One of the best joints to find great books at bargain prices is your local Salvation Army Thrift Store. Their shelves are jam-packed and uncategorized. You’ll find a science fiction book slammed next to a romance novel next to a classic next to a biography next to a reference next to a Harry Potter book next to an anthology of short stories next to a self-help book next to a cookbook next to a . . .
You get the idea. Books at Salvation Army Thift Stores are both bountiful and cheap. Prices range between 95 cents to five bucks, tops. Not bad, if you’re willing to spend quality time browsing through titles shelved together with neither rhyme nor reason.

Not too long ago, perusing the shelves at my local Salvation Army Thrift Store, one book caught my eye: The Ginger Kid: The Buck Weaver Story by Irving M. Stein. It’s the biography of George Daniel “Buck” Weaver, who played for the White Sox from 1912 through 1920. Weaver was one of the best third basemen in the team’s history, if not major league baseball overall. Ty Cobb, another baseball legend of the second and third decades of the 20th century, claimed he would never bunt in Weaver’s direction.
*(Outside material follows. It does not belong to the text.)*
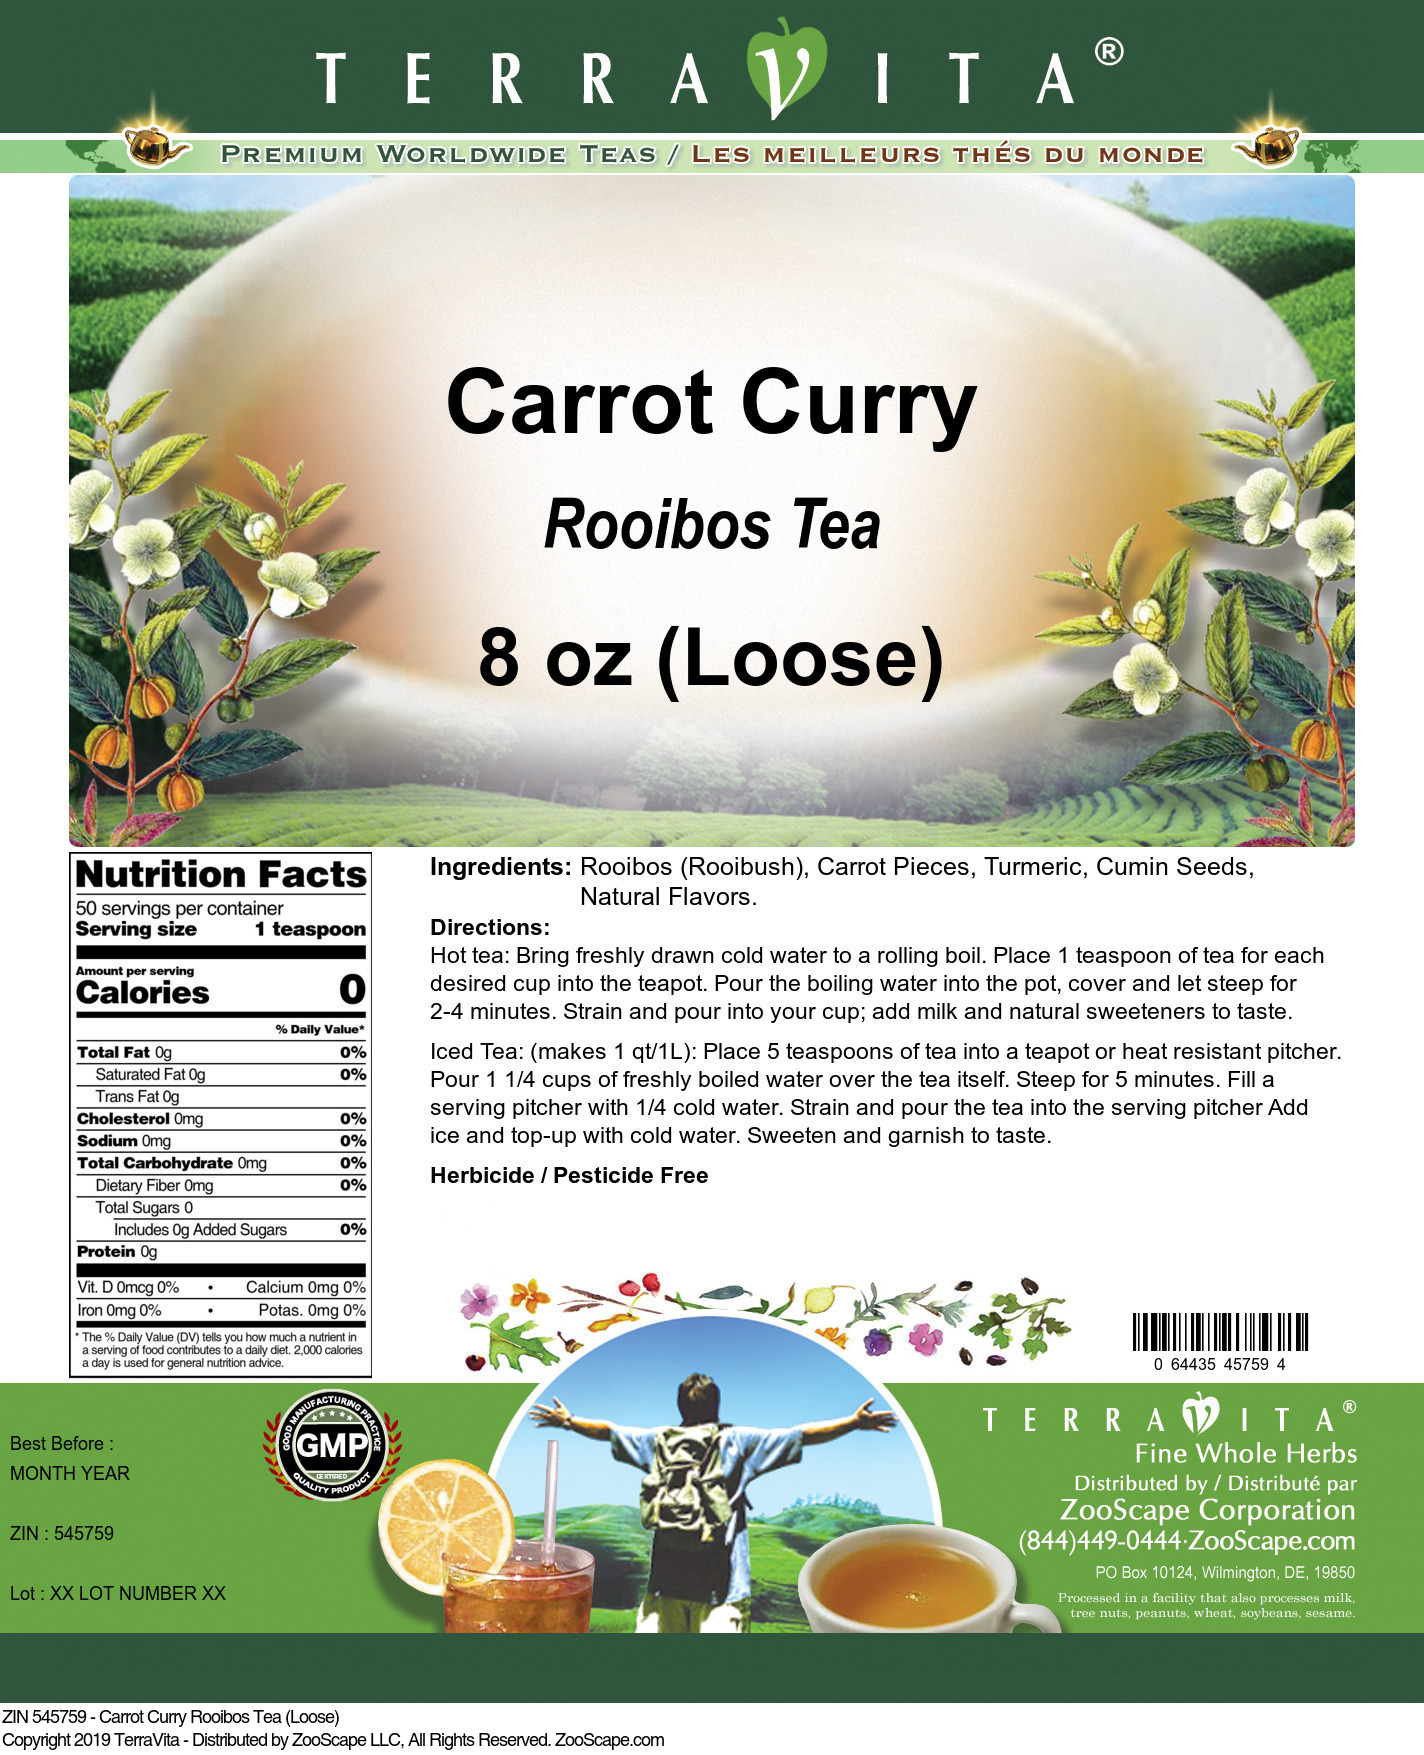 Carrot Curry Rooibos Tea

In Cobb’s hard-scrabbled opinion, a bunt to Weaver was a guaranteed out. Weaver was also talented switch hitter, racking up a solid record at bat.
Buck Weaver, as baseball history buffs know, was one of the eight “Black Sox” players accused of throwing the 1919 World Series to the Cincinnati Reds at the behest Arnold Rothstein and other gamblers. Supposedly the octet were to be well paid for their efforts—or lack thereof. (I won’t rehash the history of the Black Sox scandal here. Check the Story Links at the end of this post).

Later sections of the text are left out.